(Exercise data):
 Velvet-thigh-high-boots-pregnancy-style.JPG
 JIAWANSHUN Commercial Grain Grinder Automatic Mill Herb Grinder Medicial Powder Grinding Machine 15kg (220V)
* * *
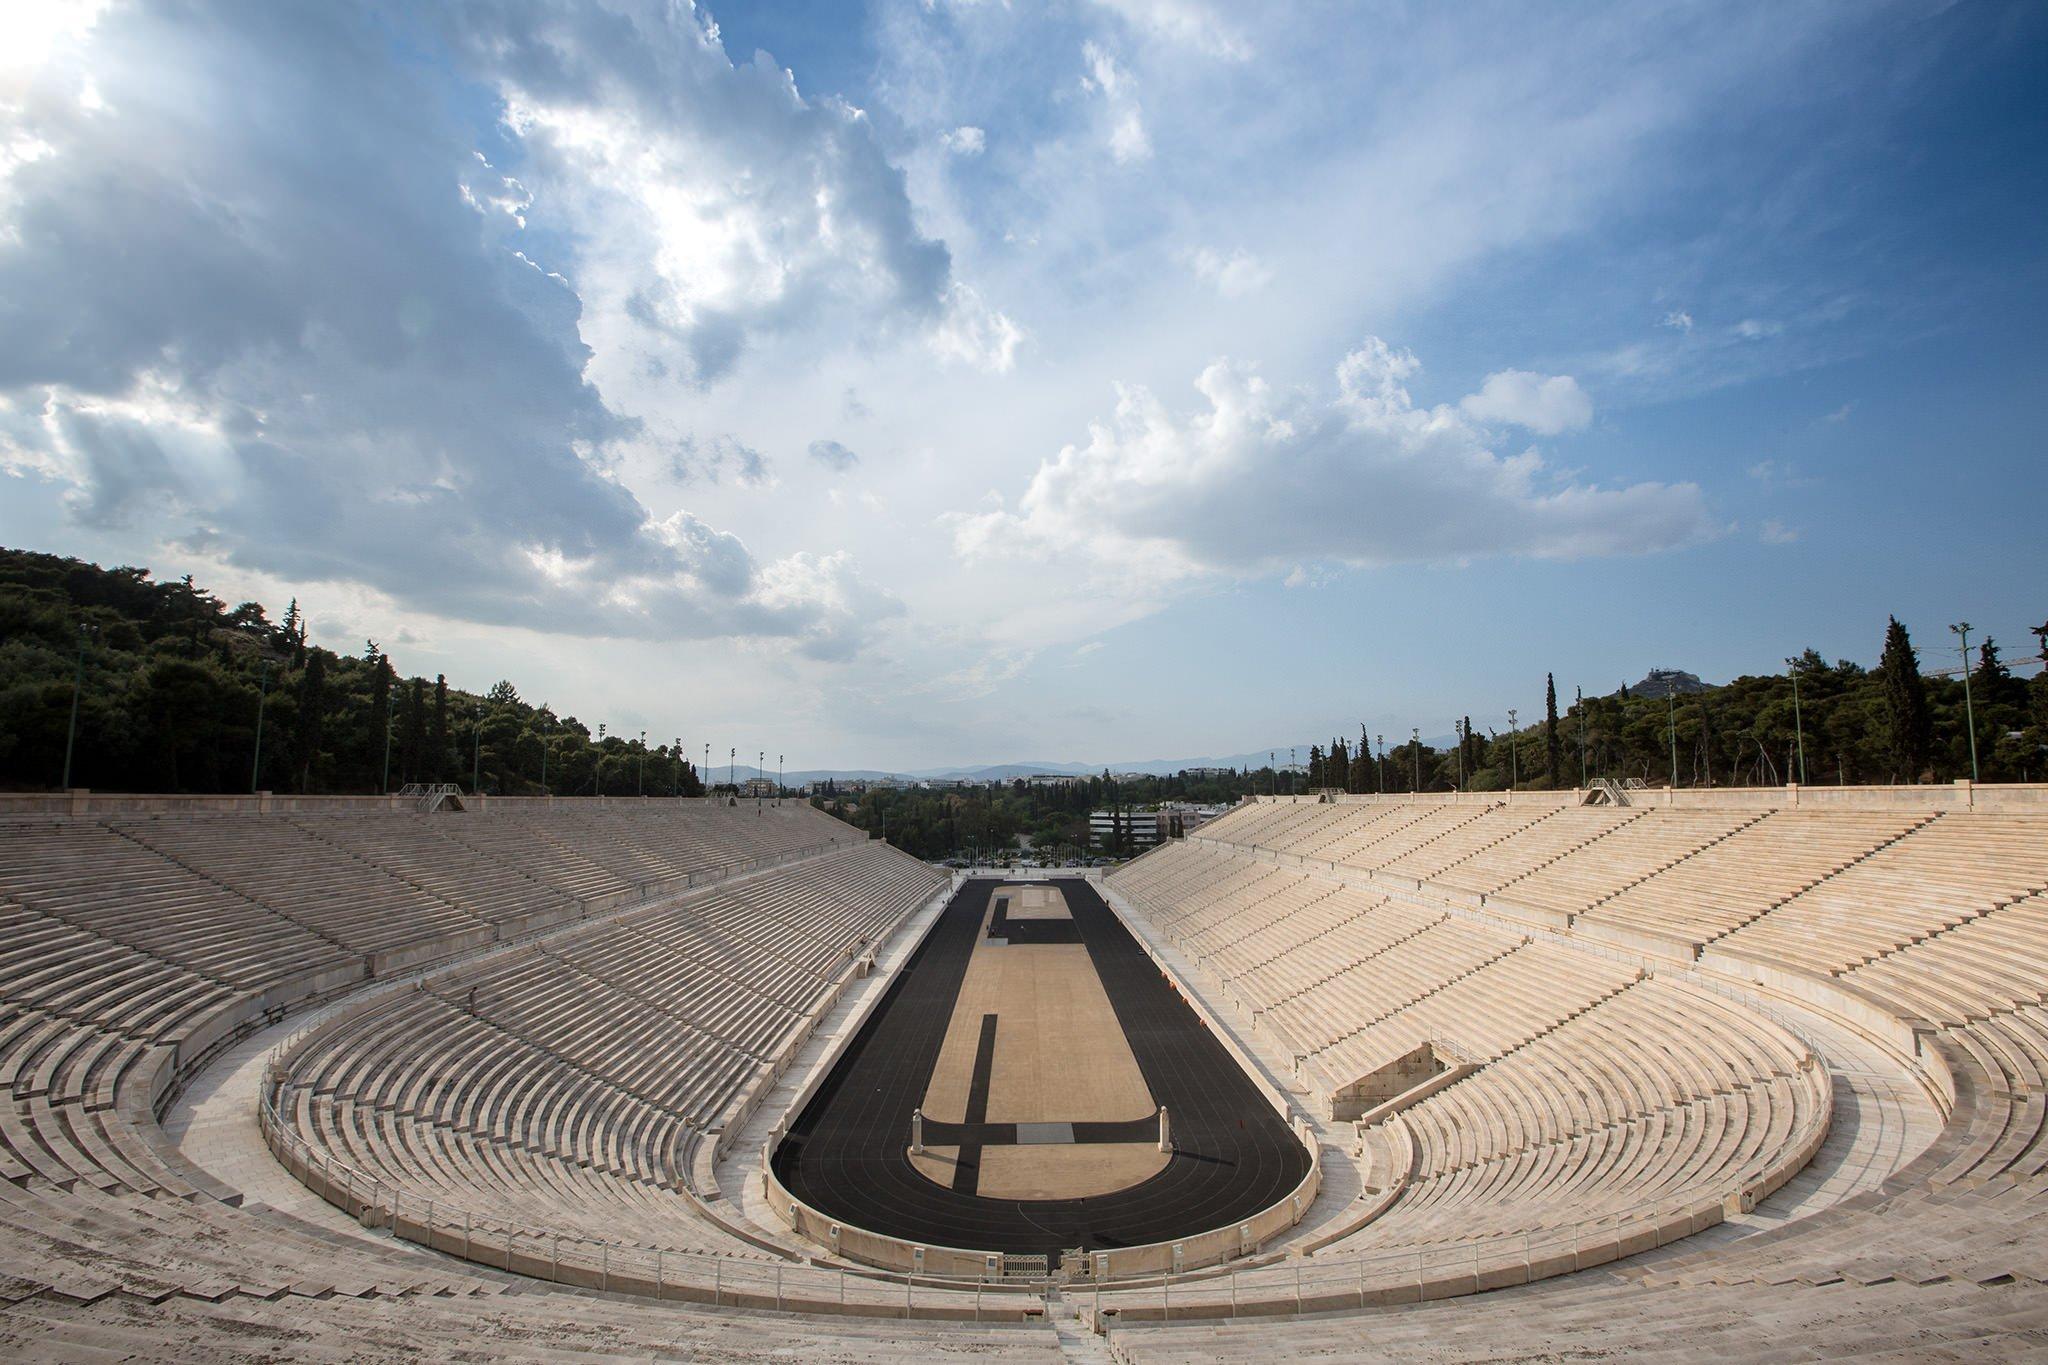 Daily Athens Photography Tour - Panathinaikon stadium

(Task prompt): In the entries above, please find the line with "Velvet-thigh-high-boots-pregnancy-style.JPG" and the line with "JIAWANSHUN Commercial Grain", then write out exactly those two lines and every line between them, and nothing more.

(Written answer):
 Velvet-thigh-high-boots-pregnancy-style.JPG
 JIAWANSHUN Commercial Grain Grinder Automatic Mill Herb Grinder Medicial Powder Grinding Machine 15kg (220V)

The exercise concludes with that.